At COP23, governments are convening to discuss next steps for implementation of the Paris Agreement, which aims to achieve net-zero global greenhouse gas emissions by mid-century. To accomplish that, world leaders must establish more aggressive emissions reduction targets — now.
But governments cannot do it alone. The private sector also has a crucial role to play, particularly now in the wake of the U.S. withdrawal from the Paris Agreement.
In the months leading up to the withdrawal from the climate accord, Walmart signed an open letter encouraging continued participation in the Paris Agreement. The reason is simple: like many business leaders, Walmart understands that embracing renewable energy and other climate solutions can foster growth and cut costs at the same time.
It’s already happening. America’s fledgling renewable energy economy employs 3.3 million people — more than the entire U.S. fossil fuel industry. The growth of the solar and wind industries is particularly impressive; the two industries are churning out new jobs at a rate 12 times faster than the U.S. economy overall.
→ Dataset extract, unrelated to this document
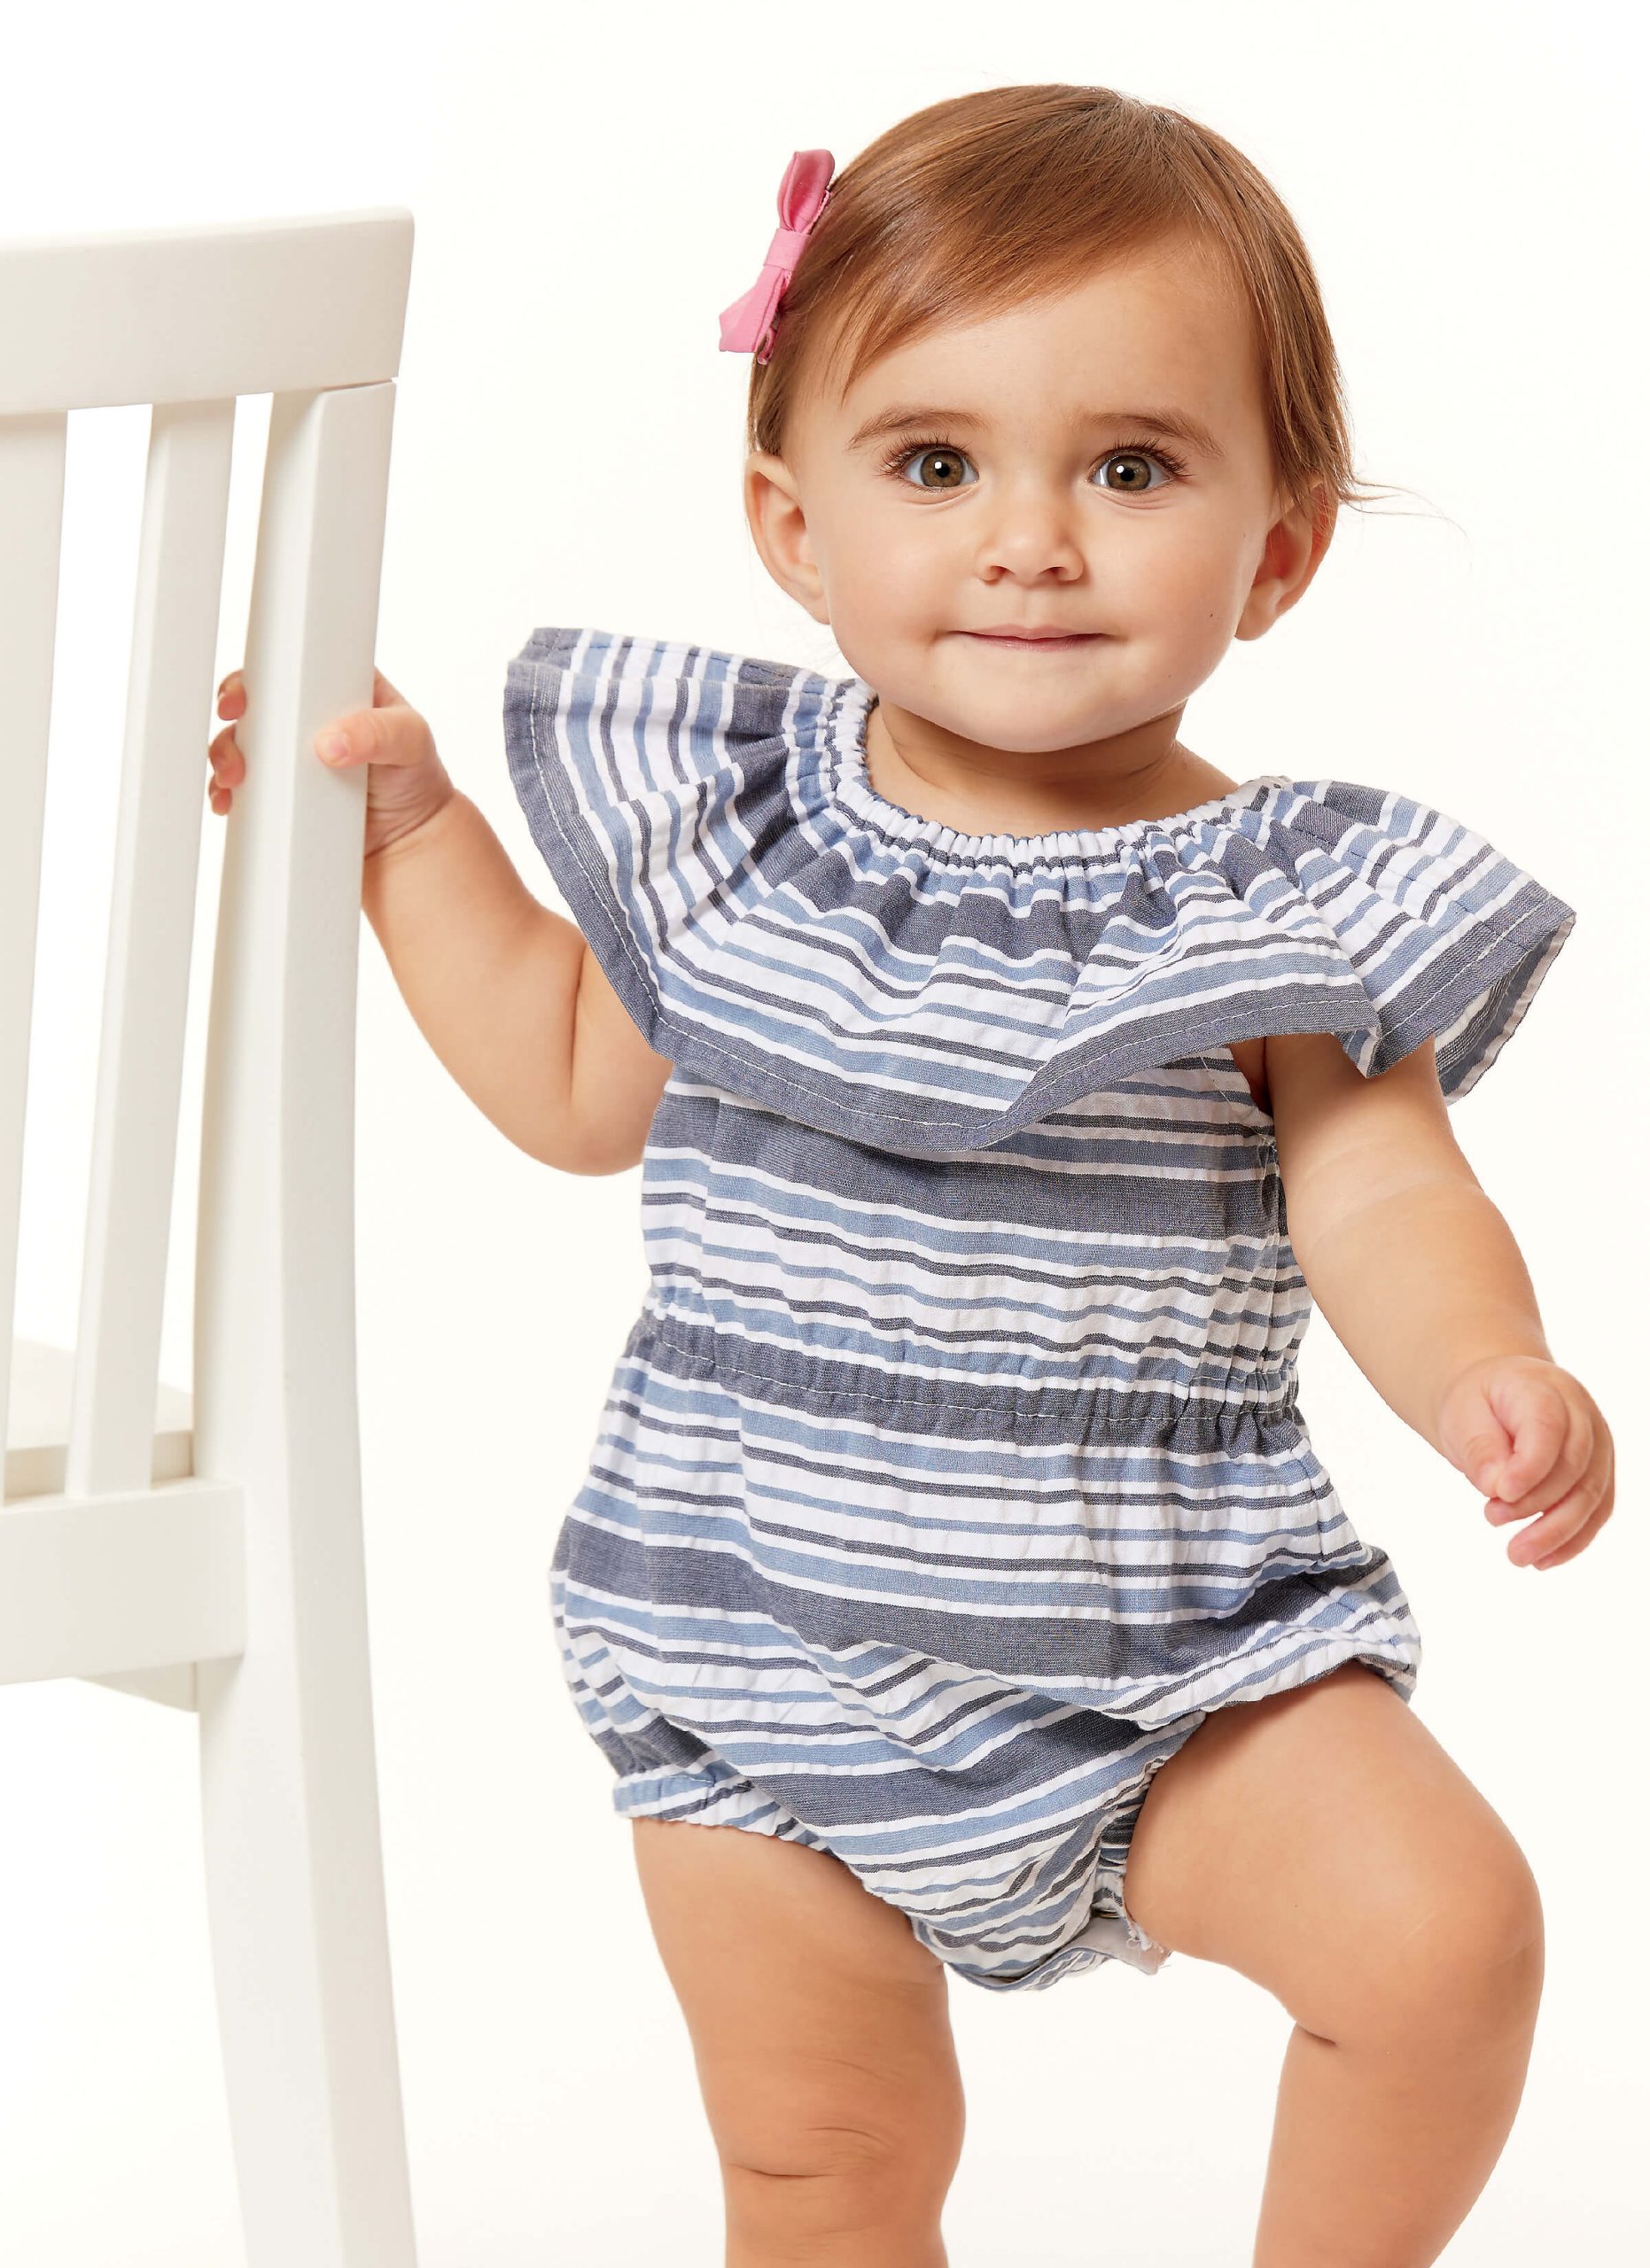 Butterick Sewing Pattern B6549 Infants Romper, Dress and Panties

Early adopters are also seeing significant savings. Last year, companies that set climate targets collectively saved $3.7 billion (PDF). That’s just scratching the surface: According to a joint study by WWF and the CDP (formerly the Carbon Disclosure Project), businesses that begin cutting emissions now, and average 3 percent reductions a year, could save a staggering $780 billion over the next decade.
Walmart already has saved $1 billion from doubling the efficiency of its fleet from 2005 to 2015. It’s part of a broader effort to cut greenhouse gas (GHG) emissions from its facilities and supply chain.
That is why the world’s largest retailer has launched an ambitious new initiative, Project Gigaton, designed to encourage suppliers to reduce emissions by 1 gigaton (1 billion tons) by 2030. For context, that’s equivalent to taking more than 211 million passenger vehicles off U.S. roads for a year.
WWF advised Walmart on Project Gigaton’s design and has joined with the Environmental Defense Fund, the Nature Conservancy, Conservational International and other groups to encourage suppliers to join in the effort.